Nick Heer (Mastodon, Hacker News):

Srinivas is creating a clear difference between laws and principles because the legal implications are so far undecided, but it sure looks unethical that its service ignores the requests of publishers — no matter whether that is through first- or third-party means.

Tim Marchman:

Earlier this week, WIRED published a story about the AI-powered search startup Perplexity, which Forbes has accused of plagiarism. In it, my colleague Dhruv Mehrotra and I reported that the company was surreptitiously scraping, using crawlers to visit and download parts of websites from which developers had tried to block it, in violation of its own publicly stated policy of honoring the Robots Exclusion Protocol.

[…]

After we published the story, I prompted three leading chatbots to tell me about the story. OpenAI’s ChatGPT and Anthropic’s Claude generated text offering hypotheses about the story’s subject but noted that they had no access to the article. The Perplexity chatbot produced a six-paragraph, 287-word text closely summarizing the conclusions of the story and the evidence used to reach them. (According to WIRED’s server logs, the same bot observed in our and Knight’s findings, which is almost certainly linked to Perplexity but is not in its publicly listed IP range, attempted to access the article the day it was published, but was met with a 404 response. The company doesn’t retain all its traffic logs, so this is not necessarily a complete picture of the bot’s activity, or that of other Perplexity agents.) The original story is linked at the top of the generated text, and a small gray circle links out to the original following each of the last five paragraphs. The last third of the fifth paragraph exactly reproduces a sentence from the original: “Instead, it invented a story about a young girl named Amelia who follows a trail of glowing mushrooms in a magical forest called Whisper Woods.”

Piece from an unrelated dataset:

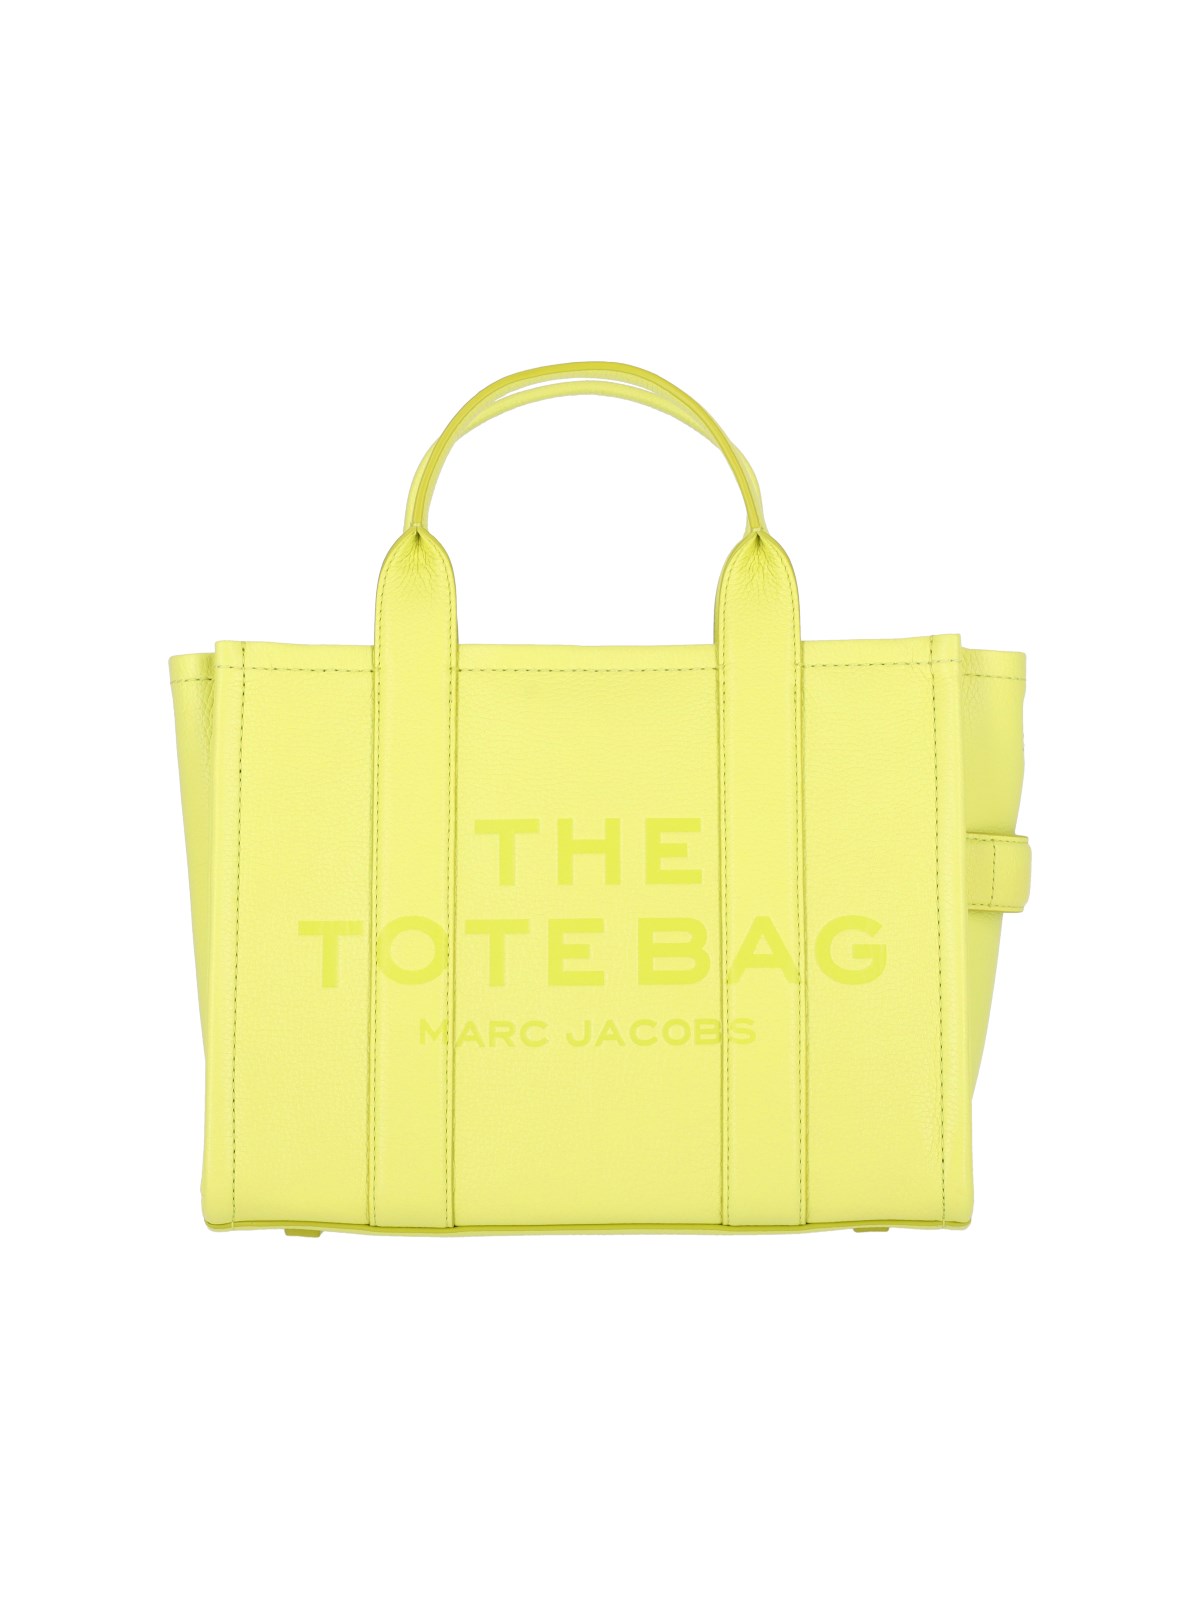 Marc Jacobs "the Medium Tote" Bag In Yellow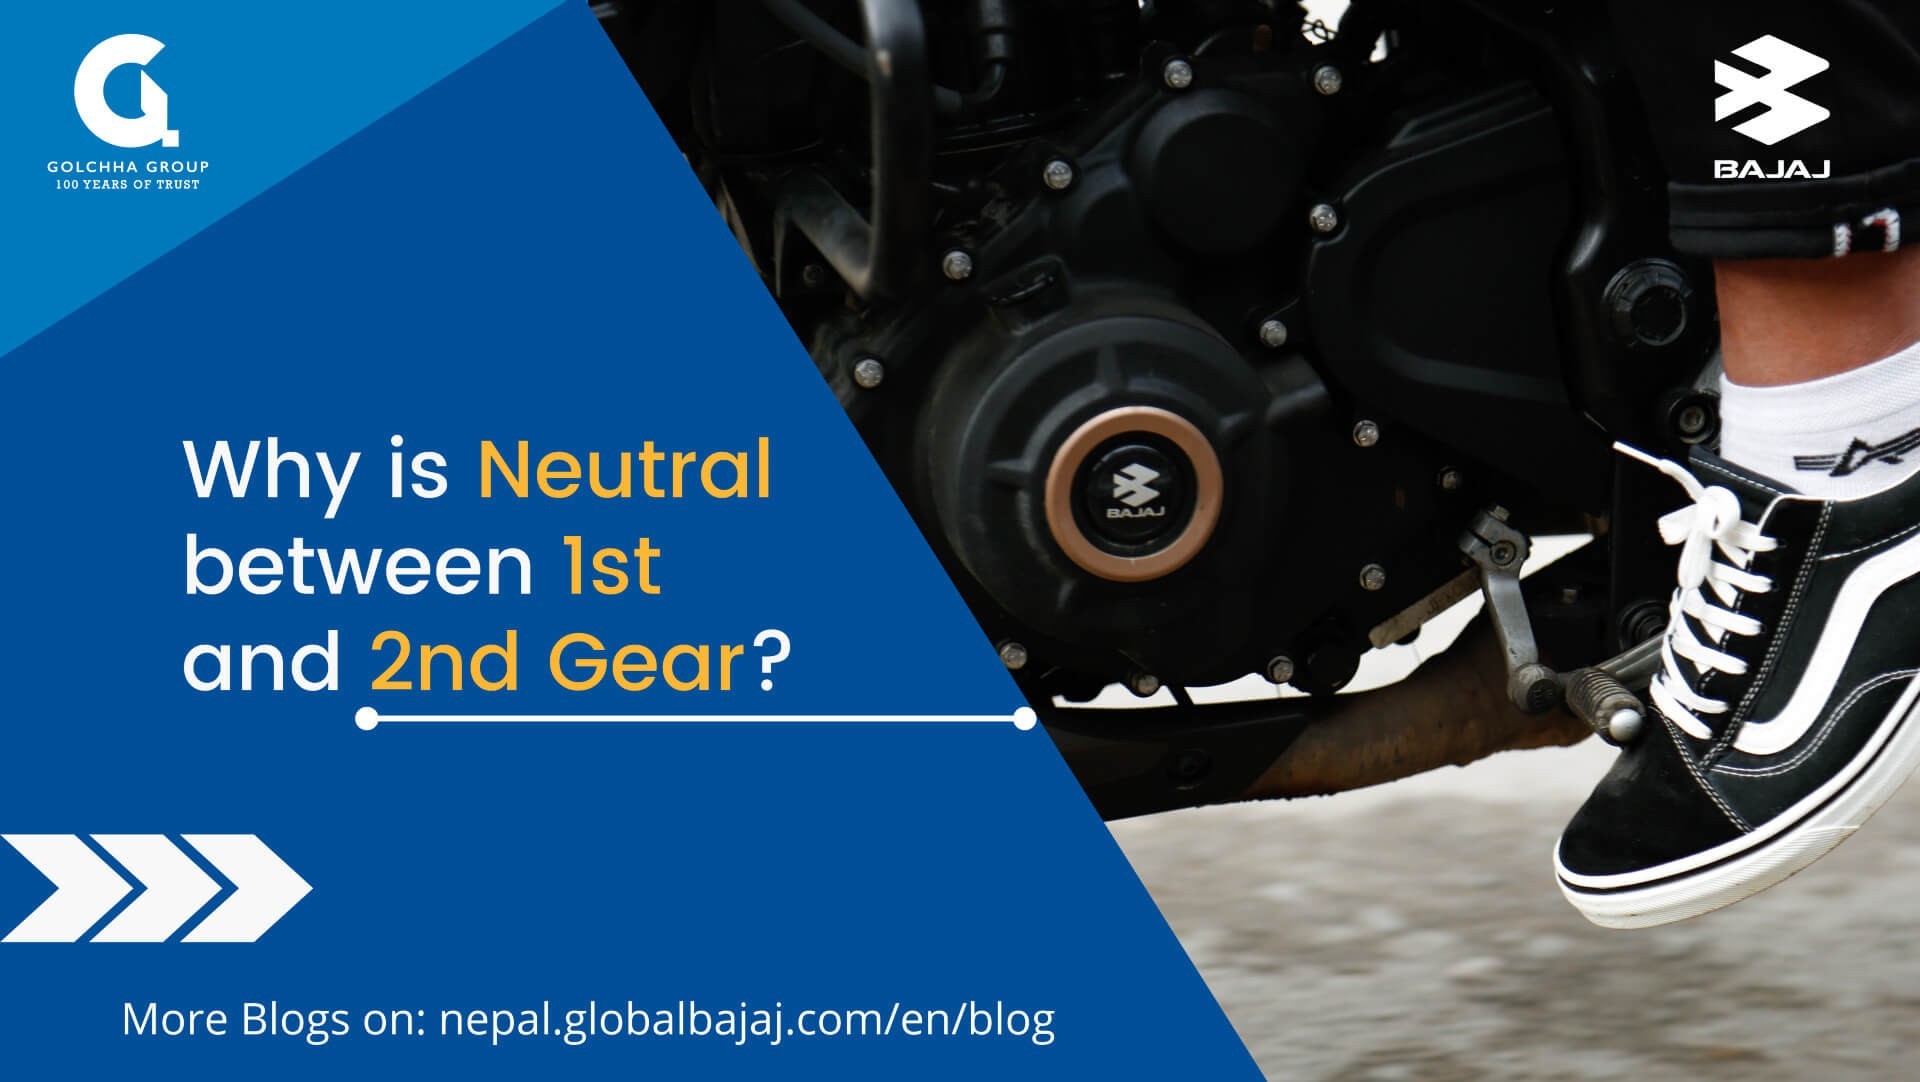 In a motorbike, Why is Neutral between the 1st and 2nd Gear?

This struck me and my colleagues as plagiarism.

Kali Hays (via John Voorhees):

OpenAI and Anthropic have said publicly they respect robots.txt and blocks to their web crawlers.

Yet, both companies are ignoring or circumventing such blocks, BI has learned.

Katie Paul:

TollBit said its analytics indicate “numerous” AI agents are bypassing the protocol, a standard tool used by publishers to indicate which parts of its site can be crawled.

“What this means in practical terms is that AI agents from multiple sources (not just one company) are opting to bypass the robots.txt protocol to retrieve content from sites,” TollBit wrote. “The more publisher logs we ingest, the more this pattern emerges.”

Previously:

Update (2024-06-28): Elizabeth Lopatto:

“Someone else did it” is a fine argument for a five-year-old. And consider the response further. If Srinivas wanted to be ethical, he had some options here. Option one is to terminate the contract with the third-party scraper. Option two is to try to convince the scraper to honor robots.txt. Srinivas didn’t commit to either, and it seems to me, there’s a clear reason why. Even if Perplexity itself isn’t violating the code, it is reliant on someone else violating the code for its “answer engine” to work.

Update (2024-07-05): See also: Accidental Tech Podcast.

7 Comments RSS · Twitter · Mastodon


"Srinivas also noted that the Robot Exclusion Protocol, which was first proposed in 1994, is not a legal framework."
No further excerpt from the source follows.